O movimento nos países centrais é fundamental para a vitória das massas palestinas. Apesar da brutal repressão policial, da perseguição pelas reitorias das universidades, que, no imediato, fizeram a luta retroceder ou reduzir sua atividade, é um processo profundo, uma mudança na consciência de amplos setores das novas gerações, o que inclui o surgimento de organizações judaicas antissionistas (como a Jewish Voice for Peace nos Estados Unidos), que não apenas repudiam os crimes do Estado de Israel, mas denunciam seu caráter colonial. Caso a guerra no Oriente Médio se intensifique, levando a uma guerra entre Israel/Estados Unidos e o Irã, esse movimento não só será reativado, como provavelmente atingirá uma maior massividade e desenvolverá suas tendências à radicalidade política e seus elementos anti-imperialistas.

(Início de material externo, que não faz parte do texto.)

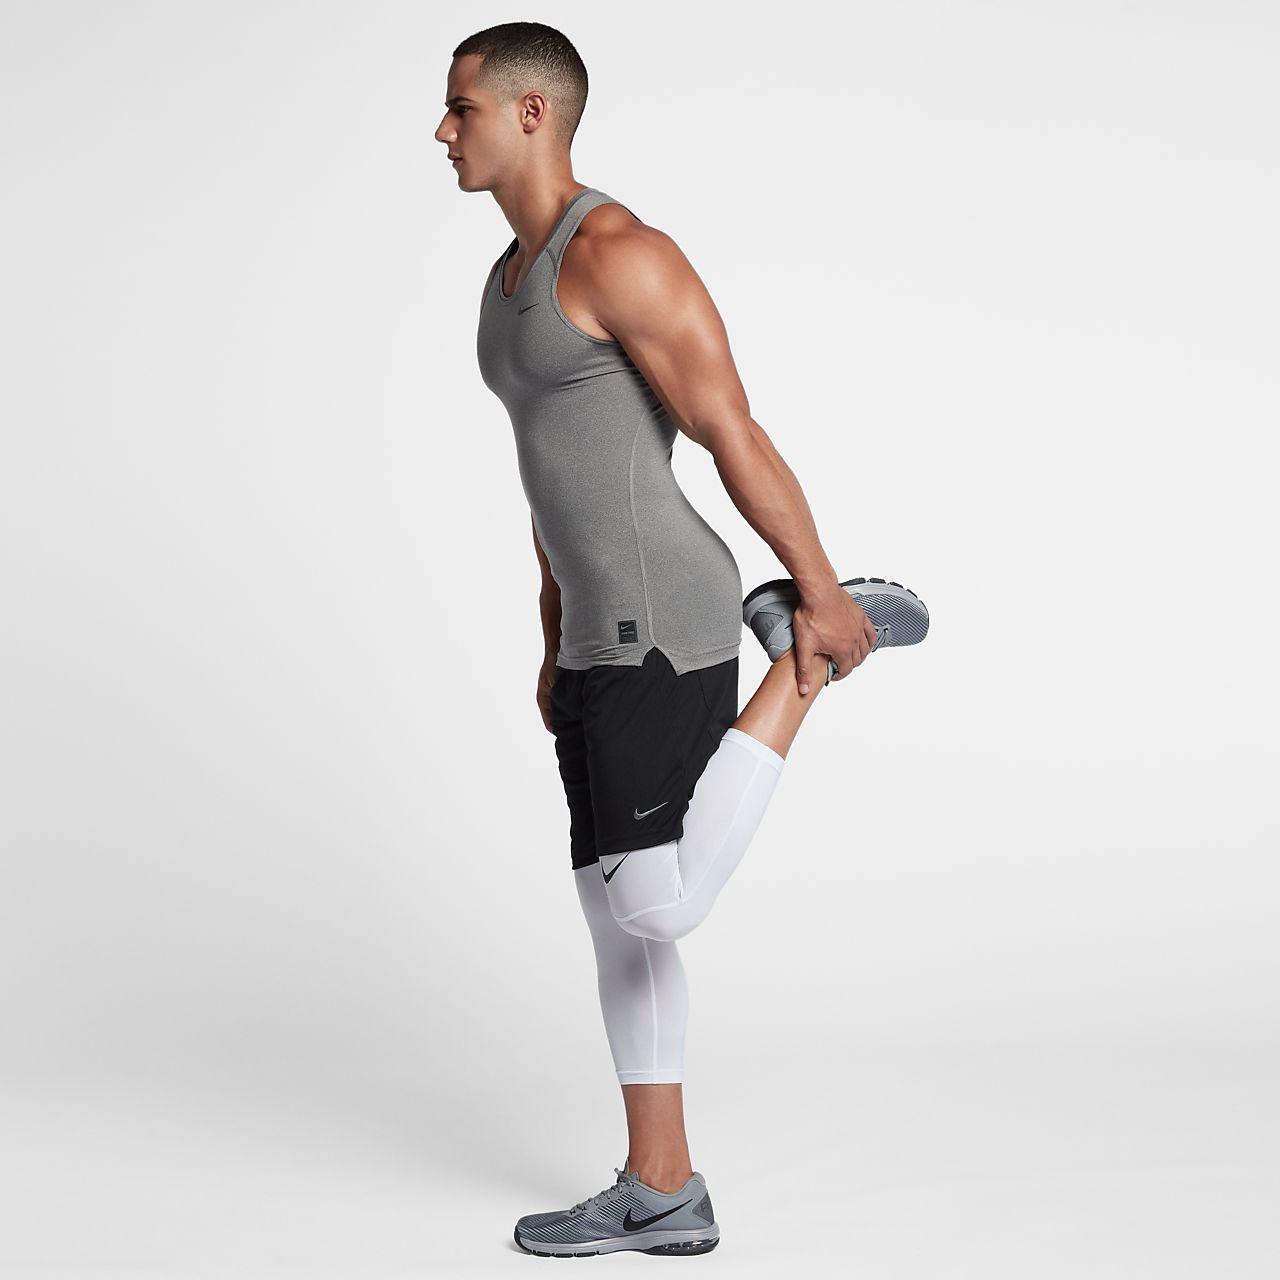 927c3999522cd Nike Pro Men's 3/4 Training Tights. Nike.com

Intelectuais judeus antissionistas como Ilan Pappé e outros apontaram que a ideia de “dois Estados” convivendo harmoniosamente é uma quimera, enquanto se mantiverem as bases de um Estado de ocupação colonial e de apartheid. Em que medida o que está acontecendo confirma esse ponto de vista e qual é a posição dos socialistas revolucionários para uma solução profunda para a Palestina?
O genocídio em Gaza, a expansão da guerra, os planos de anexação e colonização do Estado de Israel (e não apenas do governo Netanyahu) confirmam absolutamente esse lúcido diagnóstico de Ilan Pappé, que propõe como solução “uma Palestina desionizada” no território histórico, onde os refugiados possam retornar e não haja discriminação étnica, cultural ou religiosa. Além de intelectuais e acadêmicos como Pappé, há organizações como a campanha Boicote, Desinvestimento e Sanções (BDS), que há anos utilizam diversos métodos para expor o caráter racista e segregacionista do Estado de Israel, ou a chamada One Democratic State Campaign, na qual se reúnem pessoas de origem judaica e palestinos com o objetivo comum de pôr fim ao regime colonial, apoiado pelo imperialismo. Os socialistas revolucionários compartilham com eles a necessidade de acabar com a ocupação colonial e o regime de apartheid, pois a suposta solução de “dois Estados” não fazia mais do que legitimá-los. Além disso, também defendemos a dimensão internacional da luta palestina. Sustentamos que, para acabar com o regime de apartheid e a opressão contra o povo palestino, é necessário eliminar suas bases materiais. Por isso, acreditamos que a única solução verdadeiramente progressiva é lutar por uma Palestina operária e socialista, pois só um Estado cujo objetivo seja acabar com toda opressão e exploração poderá garantir a convivência democrática e pacífica entre árabes e judeus, como um primeiro passo rumo a uma federação socialista no Oriente Médio.